Please, provide short STL-based algorithm of splitting token vector to non-prefixable vectors to answer this question.

If you only want matches on the `2` why do you use `|25` as part of your regex? — Phylogenesis, Oct 15 '15 at 07:35
@Phylogenesis I wanna discover all 4 matches for `O(n)` complexity :) — k06a, Oct 15 '15 at 07:37
I believe you cannot match the same character in two different matching groups (ie. you won't be able to match the `2` as part of `25` but also on its own). — Phylogenesis, Oct 15 '15 at 07:44
I believe this problems can only be done with two regular expressions. I tested some implementations other than std::regex, and they matches three "2" and no "25". It seems that no regex implementations give up what has been matched and try to find other way to match it. — yzn-pku, Oct 15 '15 at 07:48
@Phylogenesis I hope it is possible without creating `m` regexes for each token. Maybe split token list to non-prefixable lists and create several regexes? — k06a, Oct 15 '15 at 07:49
@k06a In which case, why use regex? This turns into a simple text search problem. — Phylogenesis, Oct 15 '15 at 07:51
@Phylogenesis regex can give me `O(n)` complexity for searching several tokens simultaneously. — k06a, Oct 15 '15 at 08:02
Regex will not just reduce algorithmic complexity. You are having to check whether each of `n` characters are the start of `m` different strings. You are going to struggle to find an algorithm that works better than `O(nm)` in general by the nature of your search space (the best you can really hope for is to do some pre-calculation to find matching prefixes). — Phylogenesis, Oct 15 '15 at 08:08
@Atomic_alarm I thought std regex is a little bit changed boost regex, is not it? — k06a, Oct 15 '15 at 08:08
@k06a, unfortunately no. it is an opportunity that you need is not supported. Similar question: http://stackoverflow.com/questions/14538687/using-regex-lookbehinds-in-c11 — , Oct 15 '15 at 08:15
@k06a From your edit, I'm not sure you really understand algorithmic complexity. You can reduce the number of passes you need to perform, but each pass is doing more work. Searching for `(2|4)` will look for both 2s and 4s in a single pass, but will require twice the amount of work to do so. It doesn't actually reduce the complexity. — Phylogenesis, Oct 15 '15 at 08:19
@Phylogenesis I hope std regex uses DFA. So it should be O(n) with any complex expression. — k06a, Oct 15 '15 at 08:21
A DFA does not reduce the complexity of testing a match to `O(1)`. It depends the number of strings you're matching, but also on the similarity of the strings you're matching (which you're proposing to actually reduce by pulling strings with matching prefixes into separate passes). Doing what you're doing is still pretty close to `O(nm)` complexity. — Phylogenesis, Oct 15 '15 at 08:35
@Phylogenesis DFA is automata with single state at any moment. So transition from state to state is just `O(1)` for every input char. Isn't it? — k06a, Oct 15 '15 at 08:39
If you only want to match a single pattern. You need multiple state transitions if you want to match multiple patterns. — Phylogenesis, Oct 15 '15 at 08:44
@Phylogenesis thats why regex libraries constructs NFA from expression and then transforms it to DFA to achieve real `O(n)` complexity. — k06a, Oct 15 '15 at 08:58
I know it's been a while, but the new answer might help you out for the _regex_ part of your problem. Regarding algorithmic complexity, not much to note, but it does gets progressively quicker to search through the string after each match, as the string to search through reduces in length after removing previously matched text.

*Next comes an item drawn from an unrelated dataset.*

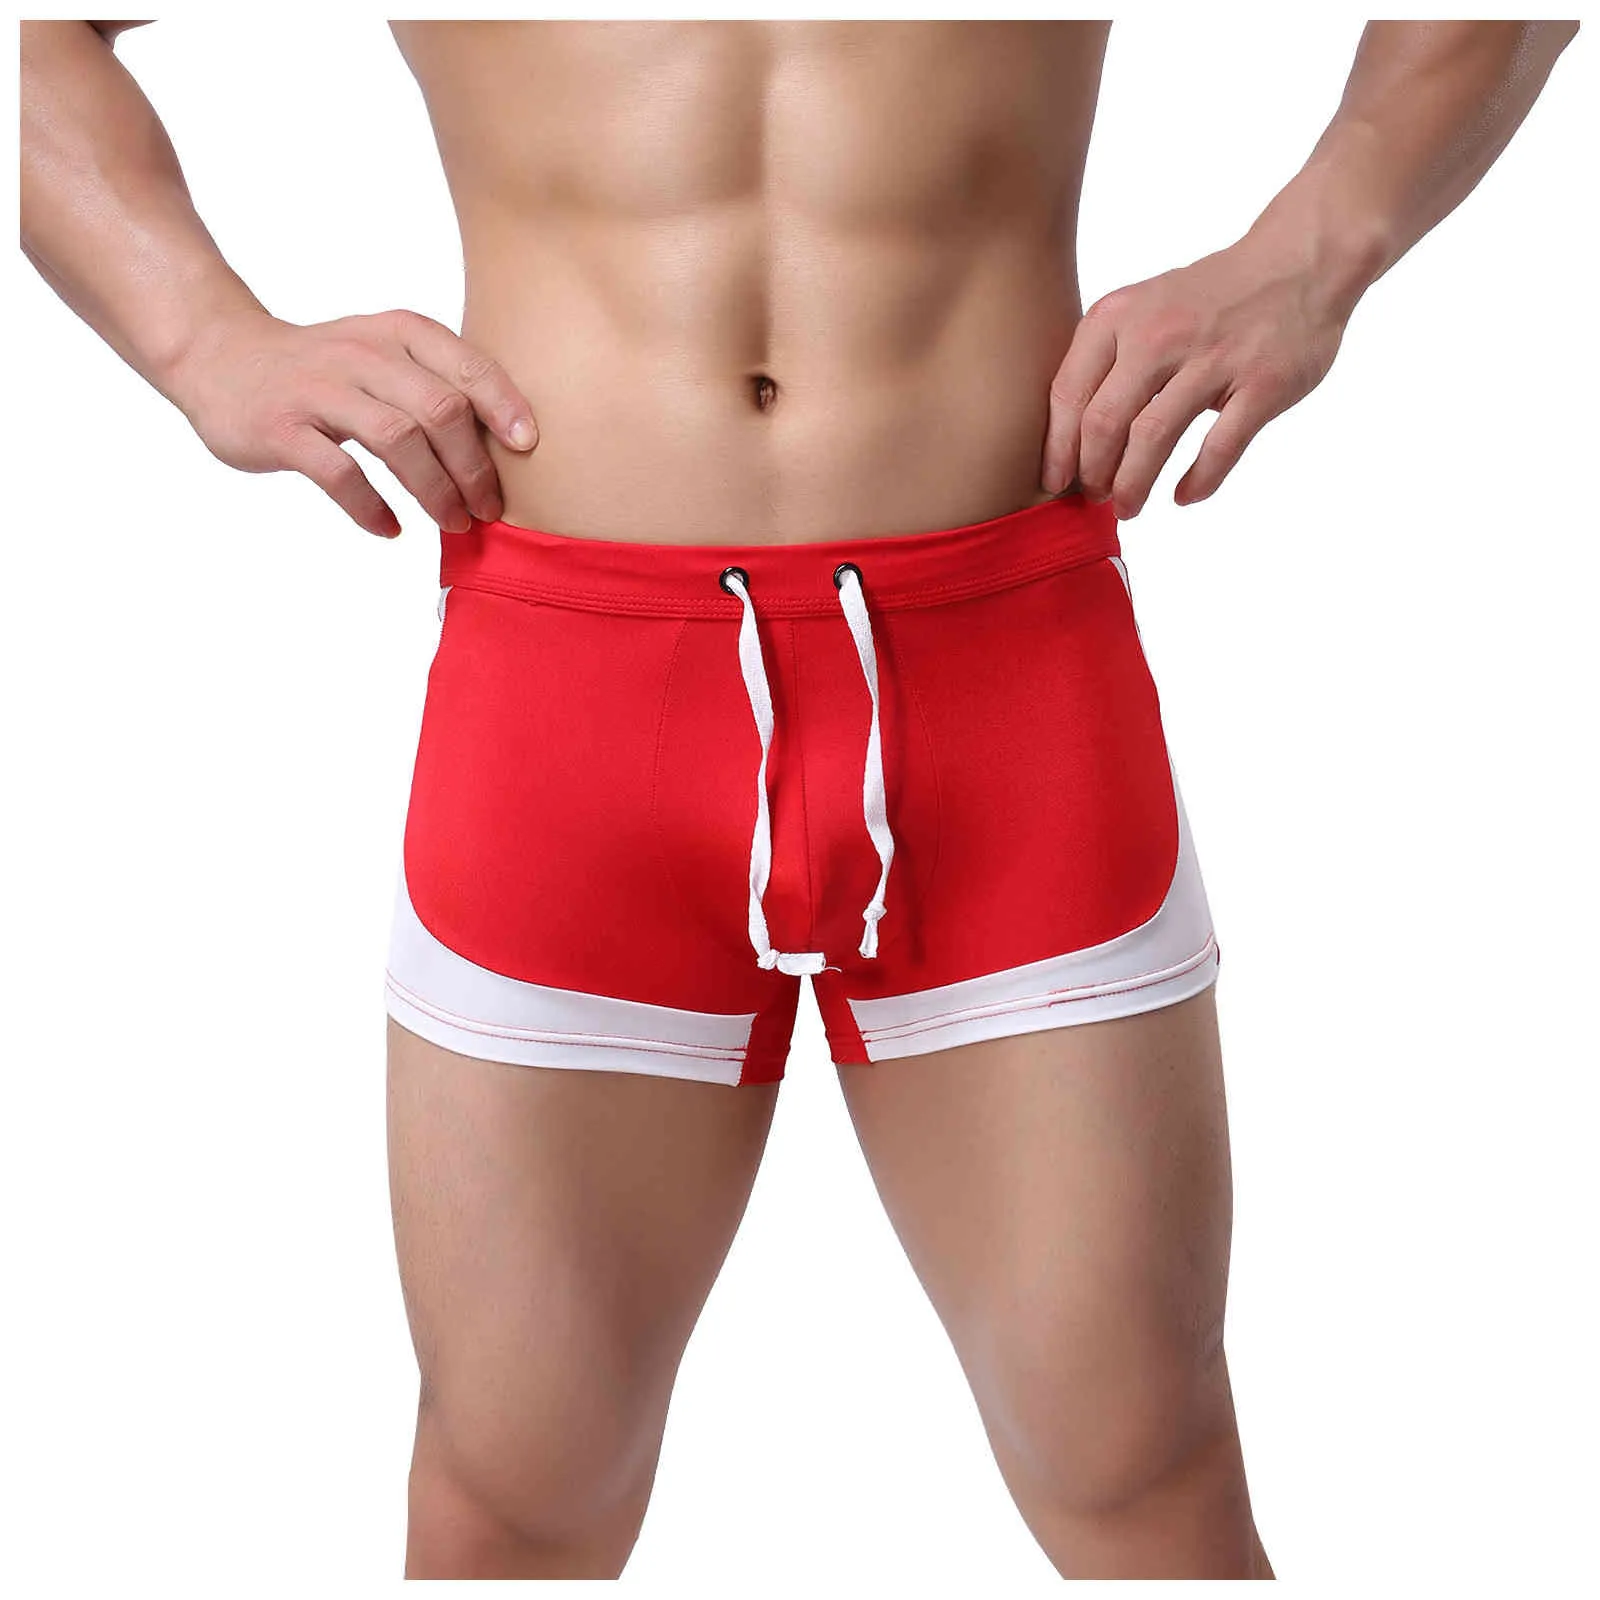 Luren 2021 Hot hommes sous-vêtements boxeurs Sexy Patchwork coton hommes Boxer sous-vêtements marque pas cher caleçons Boxer culottes X0316

Keep in mind the regex engine moves from left-to-right. — kayleeFrye_onDeck, Jun 27 '17 at 19:53
Possible duplicate of [Given a regular expression, how would I generate all strings that match it?](https://stackoverflow.com/questions/20080789/given-a-regular-expression-how-would-i-generate-all-strings-that-match-it) — Anderson Green, Feb 10 '18 at 20:38

score 2 · Answer 1 · answered Oct 15 '15 at 07:48

2

I dont think it's possible with an iterator and a single regexp. Here's how it works.

Your regexp searches for a substring that is either "2" or "25". Now, you start the search with sregex_iterator. It starts with the first symbol of the string, and tries to find match with your regular expression. If there is a match, it is "recorded", and the iterator is advanced to the position after the match. If there is no match, the iterator is advanced 1 position forward. This process continues until the end of the string is reached.

Now, each time it finds a match it will try to find the best (i.e., longest) match from your regular expression. So if a substring matches both 2 and 25, it will take 25 since it's longer. So I'd say you need 2 regular expressions.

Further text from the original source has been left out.